**INSTRUCTIONS FOR THE TASK:**
Reading the data below, count the lines that carry the string "thành". Give nothing but the count.
====== DATA SECTION
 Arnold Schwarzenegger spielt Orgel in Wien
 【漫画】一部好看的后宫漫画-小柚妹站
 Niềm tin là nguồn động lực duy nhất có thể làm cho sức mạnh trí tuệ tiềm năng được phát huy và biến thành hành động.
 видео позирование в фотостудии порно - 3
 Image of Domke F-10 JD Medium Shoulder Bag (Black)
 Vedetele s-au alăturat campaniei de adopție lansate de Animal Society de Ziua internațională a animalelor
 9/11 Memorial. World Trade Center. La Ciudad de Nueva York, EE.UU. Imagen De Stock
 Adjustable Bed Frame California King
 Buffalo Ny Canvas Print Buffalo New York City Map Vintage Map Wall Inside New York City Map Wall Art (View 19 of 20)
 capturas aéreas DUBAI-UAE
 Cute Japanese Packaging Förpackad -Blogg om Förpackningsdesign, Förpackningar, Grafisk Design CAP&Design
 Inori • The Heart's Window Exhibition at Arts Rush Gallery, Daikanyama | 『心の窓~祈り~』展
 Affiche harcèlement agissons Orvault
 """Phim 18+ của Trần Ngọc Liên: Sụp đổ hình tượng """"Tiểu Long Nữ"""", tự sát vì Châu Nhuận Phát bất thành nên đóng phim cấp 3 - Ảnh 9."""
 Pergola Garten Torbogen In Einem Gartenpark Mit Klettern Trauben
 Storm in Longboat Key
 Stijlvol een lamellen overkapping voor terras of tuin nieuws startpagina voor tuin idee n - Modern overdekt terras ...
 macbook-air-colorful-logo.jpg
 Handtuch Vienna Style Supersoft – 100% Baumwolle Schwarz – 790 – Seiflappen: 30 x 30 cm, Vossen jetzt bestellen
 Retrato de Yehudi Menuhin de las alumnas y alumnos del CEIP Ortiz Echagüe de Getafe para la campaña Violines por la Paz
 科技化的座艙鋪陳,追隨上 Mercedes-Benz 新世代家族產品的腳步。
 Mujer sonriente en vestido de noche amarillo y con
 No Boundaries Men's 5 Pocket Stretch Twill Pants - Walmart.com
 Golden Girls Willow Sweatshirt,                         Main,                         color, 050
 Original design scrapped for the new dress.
============
**OUTPUT:**
2